“The Turn-Off/Walk-Out Factor: How to Handle Mind Pollution,” New Era, June 1981, 26
“One cool summer evening when I was a freshman in college, I had a date with someone I really liked. I didn’t know him well, but I looked up to him a lot.
“When he came to pick me up for the movie, we walked to the theater, since he didn’t have a car. We had a great time getting to know each other better.
“Then the movie started. It was okay for the first ten minutes, but even though it had a PG rating, it started making me uncomfortable. The dialogue became more and more suggestive, and I started to sink lower and lower in my seat.
“And do you know what he did? Even though we’d only been there a short time, he turned to me and said, ‘I really don’t like this movie. Do you mind if we leave?’ He didn’t make a big deal over it, he just suggested we leave. I’ll always remember that date because of his integrity. That’s the kind of man I want to marry.”
Add to this true story countless others that are similar, and you come up with one alternative that many young LDS people are choosing: walking out, tuning out, turning off when movies, plays, radio, or television offend their standards.
Broadway has yet to see the likes again of a BYU performing group that stopped in to see a musical production while they were in New York City. Although many Broadway musicals are sheer fun and uplifting, this one made many in the group uncomfortable and prompted a mass exodus of BYU students halfway through the performance.

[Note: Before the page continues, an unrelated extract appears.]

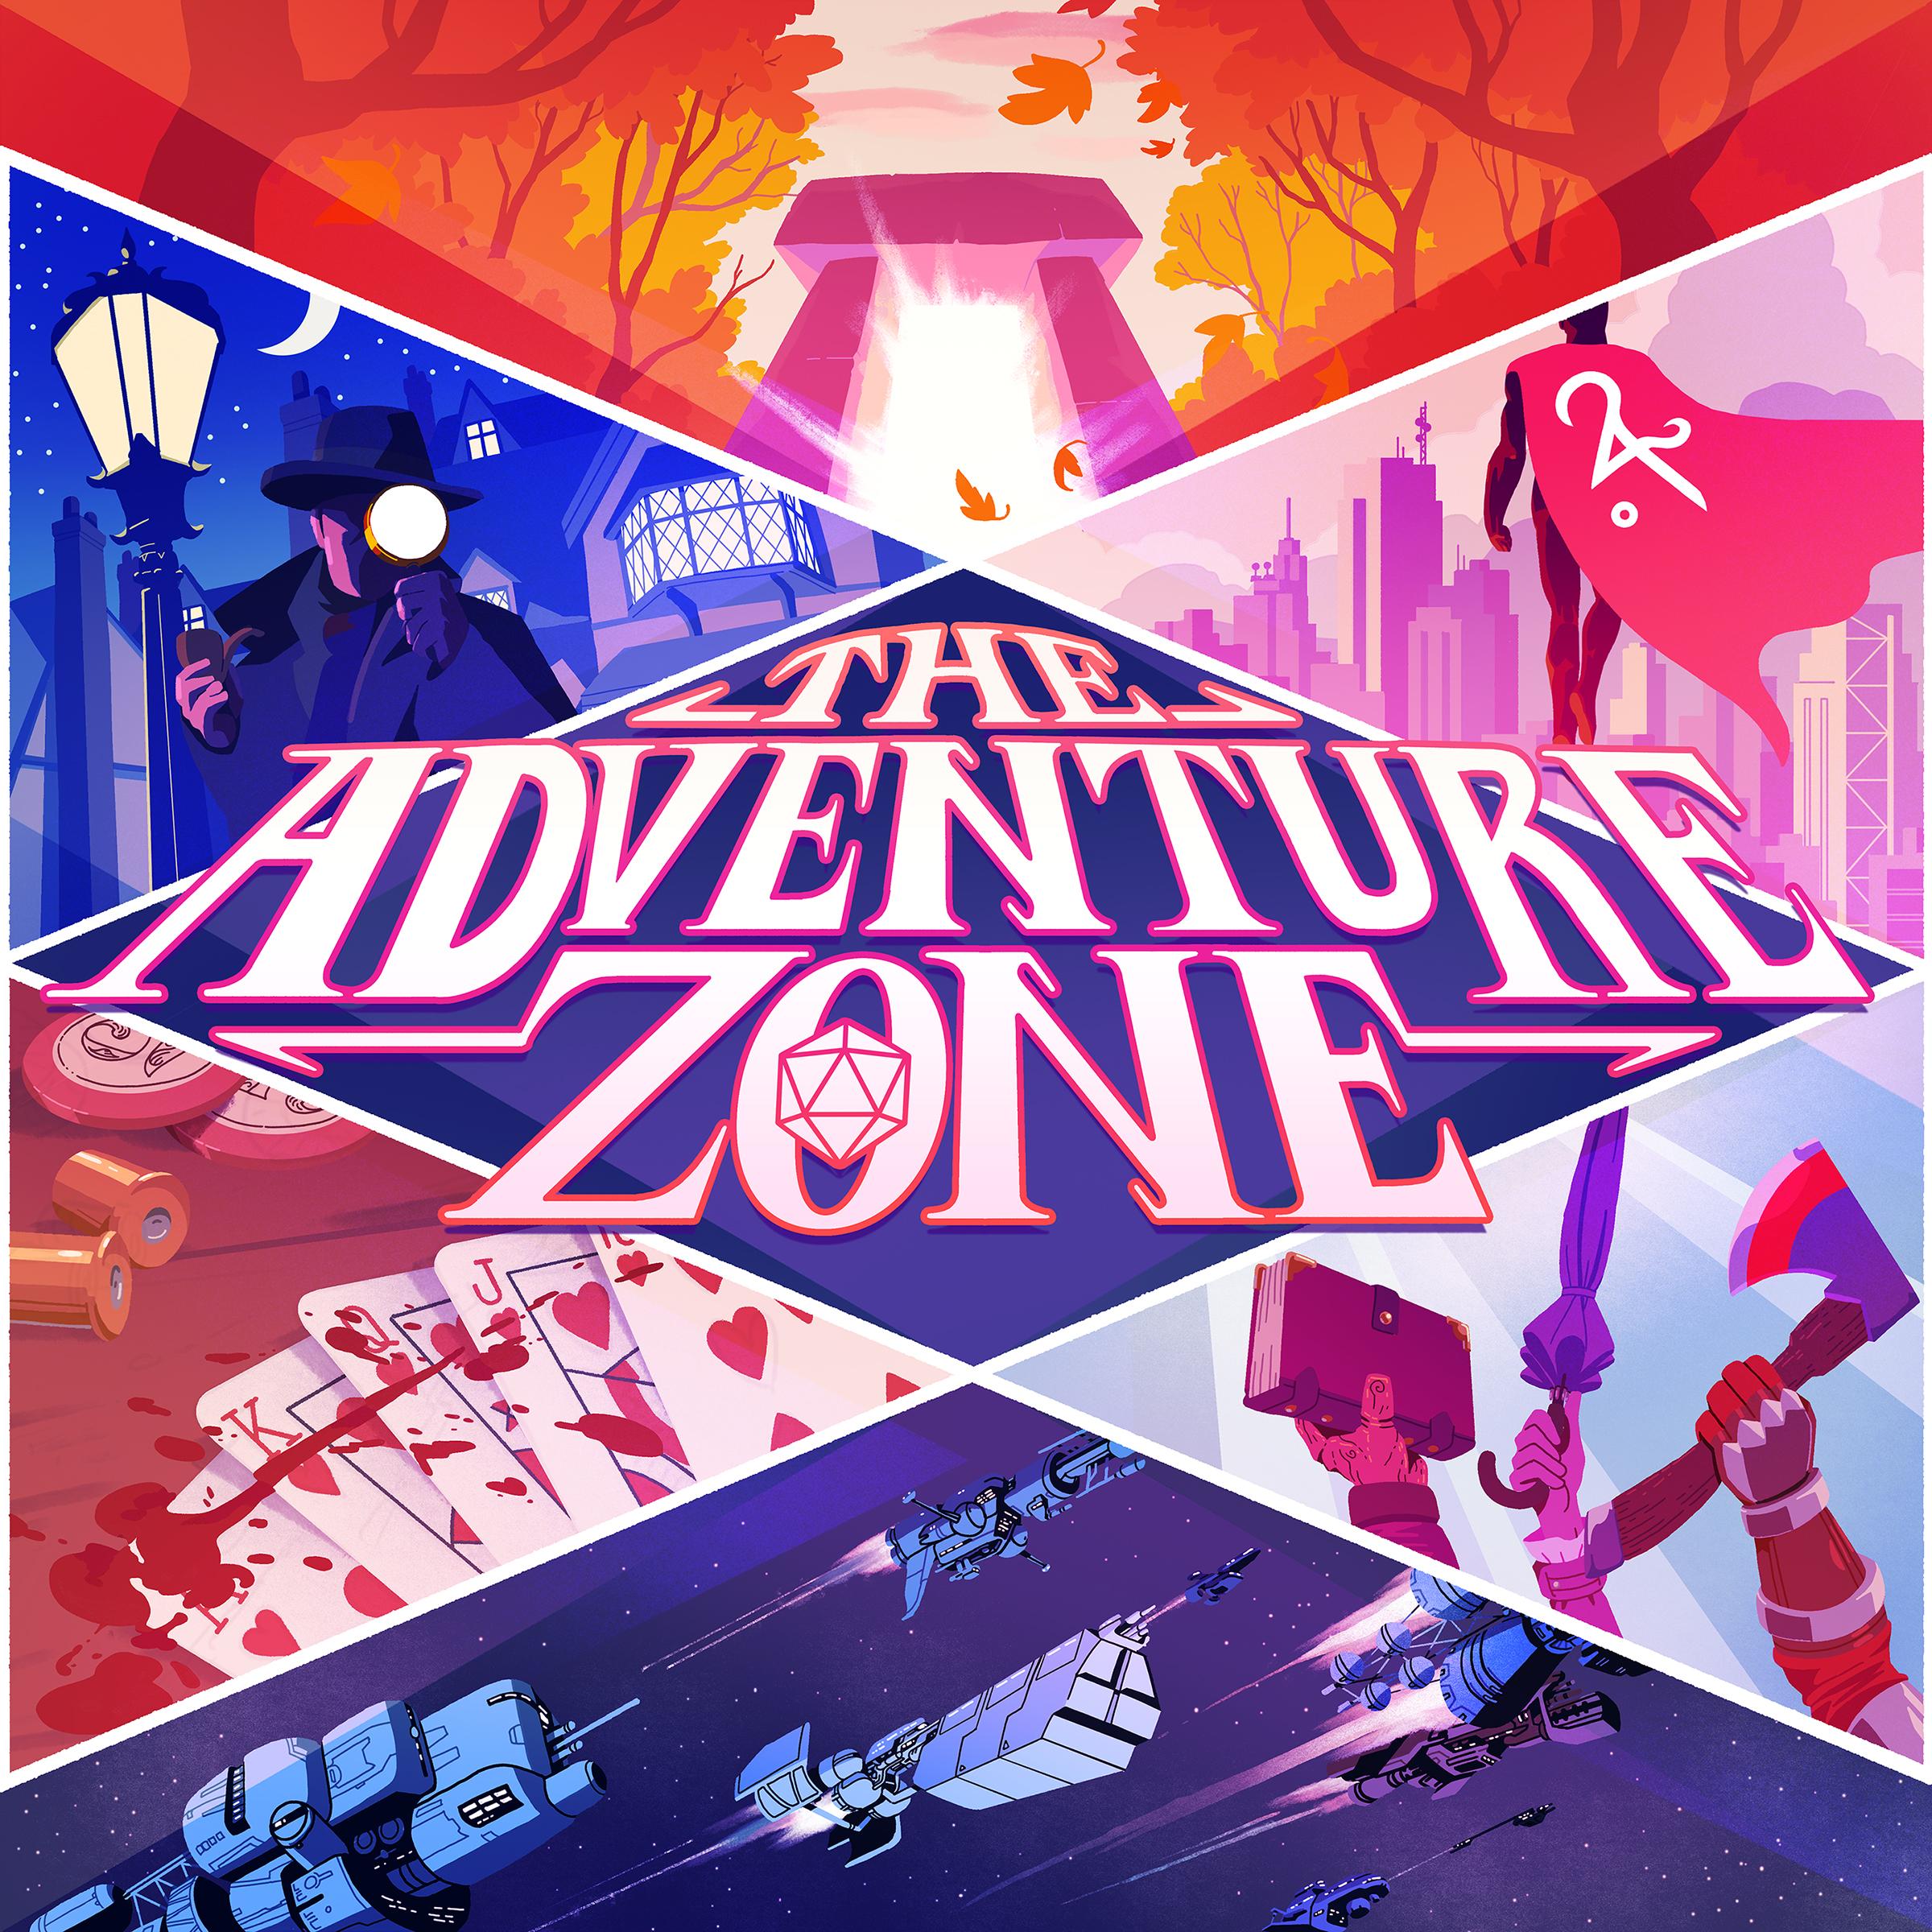 The Adventure Zone Listen Free On Castbox

“I was proud of them for walking out, especially after they’d paid Broadway prices to get in,” said Bruce Olsen, who oversees the BYU entertainment groups. “It was such a contrast to the wholesome shows that they’d been putting on, they couldn’t tolerate the shock it gave them.
“We don’t do ourselves a favor by sitting in a production that would bring images or ideas into our lives that could degrade us or pollute our minds. I think it’s important for us to use the Spirit in deciding what we allow to go into our minds.”
The ballroom dance team from BYU had a similar experience while in London. They had spent the day in temple sessions and were looking forward to spending the evening at a popular musical that had received rave reviews. Before the show was half over, the group was seen quietly leaving en masse.
“At first the group wondered, will we embarrass ourselves by walking out in the middle of the show?” said George Bowie, director of the tour. “But the musical was so distasteful, especially after we’d spent the day in the temple, that we just couldn’t stand staying there another minute, so we left. The ushers asked us why we were leaving, and we told them. They told us they respected us for it.”
What many of these people walking out are asking themselves is, how important is a movie or play or television show or song in the eternal scheme of things? Is it important enough to damage sensitivity to the Spirit, or to make a person more tolerant of immoral behavior, or to plant unvirtuous thoughts in his or her mind? Their actions spell out a resounding “No!”
But what if you’re with a group of friends who don’t want to leave a movie or play? By following what you believe, you may set an example for them. Don’t be afraid to take a stand. Wait out in the lobby until the show is finished, and who knows, you may find yourself joined by some others who were offended by the movie, too. Also, it’s a good idea to check out a movie or play as much as possible before to see if you’re walking into something that is known to be less than up to your standards.
Being choosy about what you will and won’t let into your mind applies to radio and television, too. It’s physically just as easy to change the channel or turn off the set as to walk out of a theater.
“I hadn’t thought much about the lyrics of songs on the radio until I went for a drive with a friend from Idaho Falls who kept punching the buttons on the car radio. ‘Some songs aren’t worth listening to,’ he said. He explained that if he wouldn’t want his mom to listen to the song, he wouldn’t either. Maybe that’s corny, but if it is, I’m for it. I’m a lot more selective about what I listen to now,” said one young woman from California.
Television can all too easily become the downfall of someone trying to avoid mind pollution. It’s easy to be mesmerized by what comes on the screen, or to be pulled along in the plot of a show. And since watching TV is not so formal an event as going to a movie or play, your guard may be down. Is it harder to turn off the TV than to walk out of a movie that you’ve gone to with some friends? That probably differs for different people. But consistently choosing to watch those programs that will affect your life positively will reap long-term benefits for you.
“My landlord was hooking up my TV set to the cable in my apartment, and the show that was playing as he tested the reception was very suggestive, so he said, ‘That’s junk’ and changed the channel,” said a young woman from Salt Lake City. “I never would have thought he would do that—but it helped me decide to do the same thing more often.”
What will you gain by being selective in what you watch or listen to? We’re told, “Let virtue garnish thy thoughts unceasingly; then shall thy confidence wax strong in the presence of God” (D&C 121:45). What you become is your reward—something that does matter a lot in the eternal scheme of things.